These are my notes from the talk Using MapReduce on Large Geographic Datasets by Barry Brummit.

Most of this talk was a repetition of the material in the previous talk by Jeff Dean including reusing a lot of the same slides. My notes primarily contain material I felt was unique to this talk.

A common pattern across a lot of Google services is creating a lot of index files that point and loading them into memory to male lookups fast. This is also done by the Google Maps team which has to handle massive amounts of data (e.g. there are over a hundred million roads in North America).

Below are examples of the kinds of problems the Google Maps has used MapReduce to solve.

Locating all points that connect to a particular road
Input Map Shuffle Reduce Output
List of roads and intersections Create pairs of connected points such as {road, intersection} or {road, road} pairs Sort by key Get list of pairs with the same key A list of all the points that connect to a particular road

Rendering Map Tiles
Input Map Shuffle Reduce Output
Geographic Feature List Emit each feature on a set of overlapping lat/long rectangles Sort by Key Emit tile using data for all enclosed features Rendered tiles

Finding Nearest Gas Station to an Address within five miles
Input Map Shuffle Reduce Output
Graph describing node network with all gas stations marked Search five mile radius of each gas station and mark distance to each node Sort by key For each node, emit path and gas station with the shortest distance Graph marked with nearest gas station to each node

When issues are encountered in a MapReduce it is possible for developers to debug these issues by running their MapReduce applications locally on their desktops.
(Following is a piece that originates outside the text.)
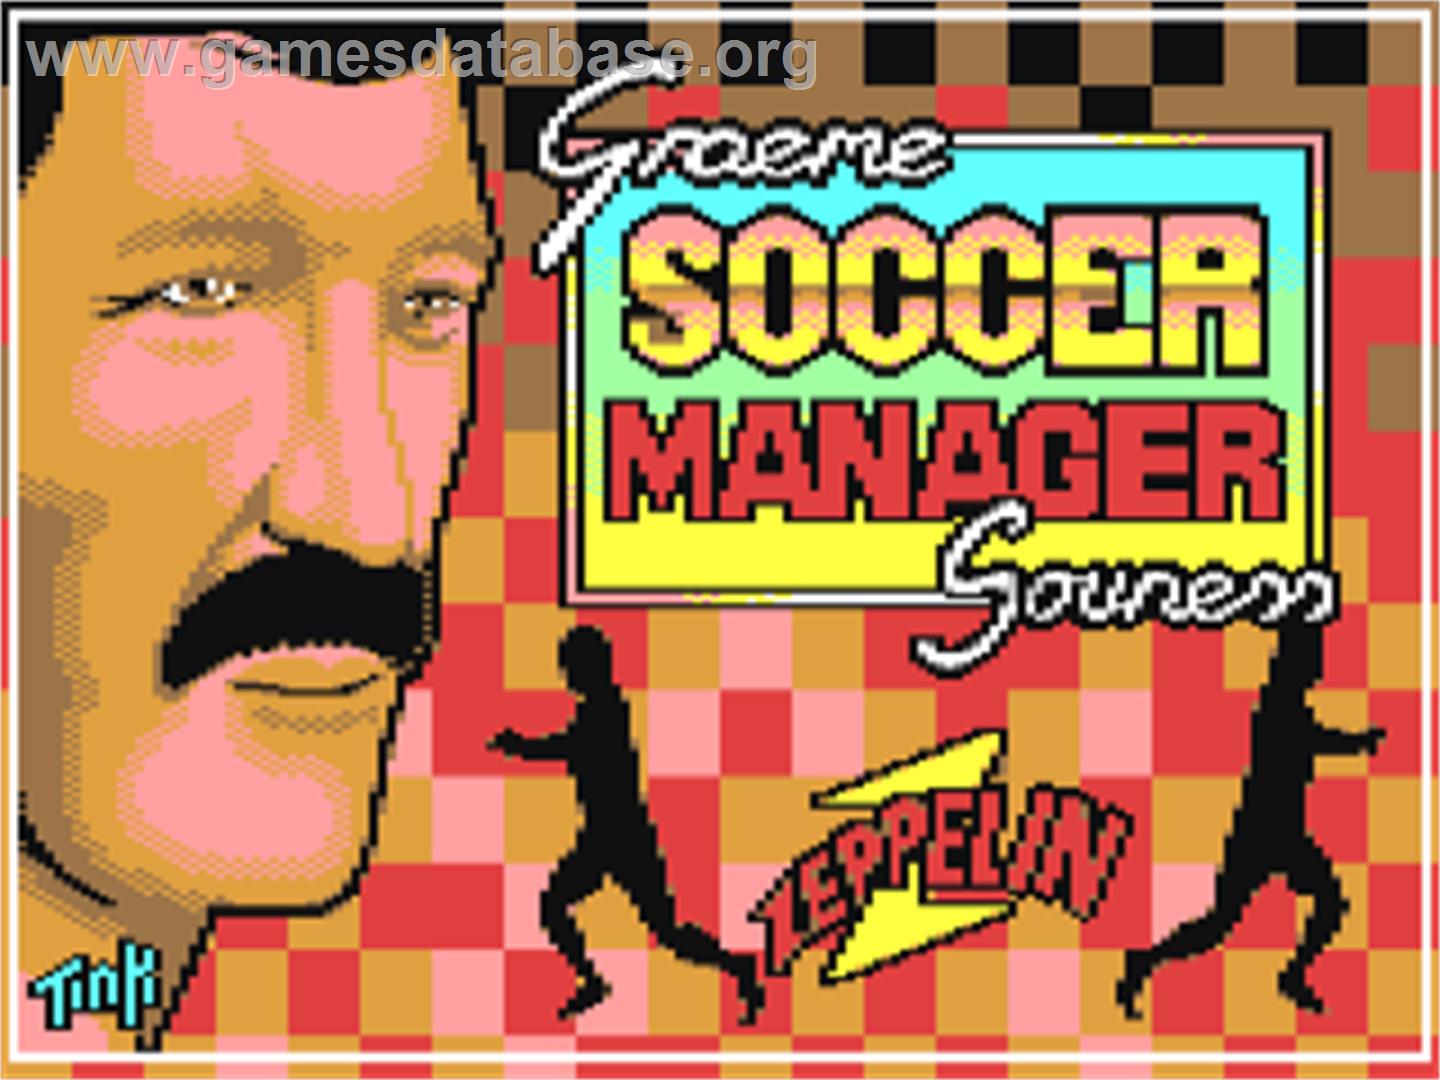 Graeme Souness Soccer Manager - Commodore 64 - Artwork - Title Screen

Developers who would like to harness the power of a several hundred to several thousand node cluster but do not work at Google can try

Recruiting Sales Pitch

[The conference was part recruiting event so some of the speakers ended their talks with a recruiting spiel. - Dare]
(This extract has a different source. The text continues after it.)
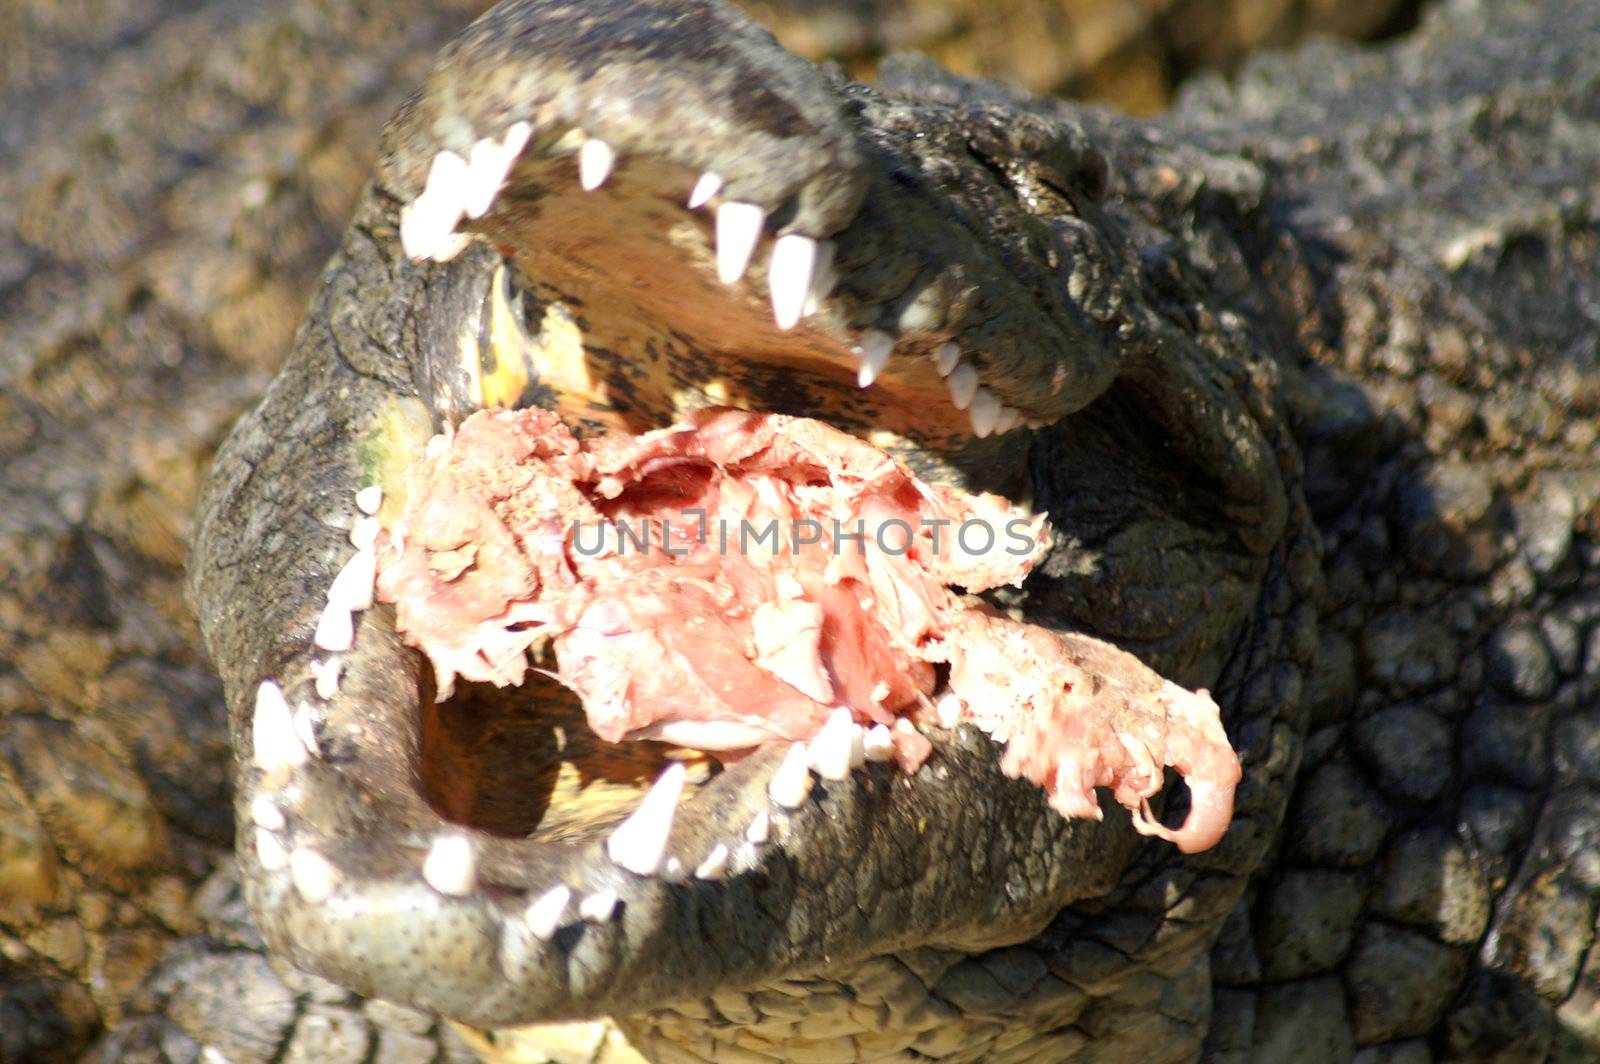 alligator eating by photochecker

The Google infrastructure is the product of Google's engineering culture has the following ten characteristics

  1. single source code repository for all Google code
  2. Developers can checkin fixes for any Google product
  3. You can build any Google product in three steps (get, configure, make)
  4. Uniform coding standards across the company
  5. Mandatory code reviews before checkins
  6. Pervasive unit testing
  7. Tests run nightly, emails sent to developers if any failures
  8. Powerful tools that are shared company-wide
  9. Rapid project cycles, developers change projects often, 20% time
  10. Peer driven review process, flat management hierarchy

Q&A

Q: Where are intermediate results from map operations stored?
A: In BigTable or GFS

Q: Can you use MapReduce incrementally? For example, when new roads are built in North America do we have to run MapReduce over teh entire data set or can we only factor in the changed data?
A: Currently, you'll have to process the entire data stream again. However this is a problem that is the target of lots of active research at Google since it affects a lot of teams.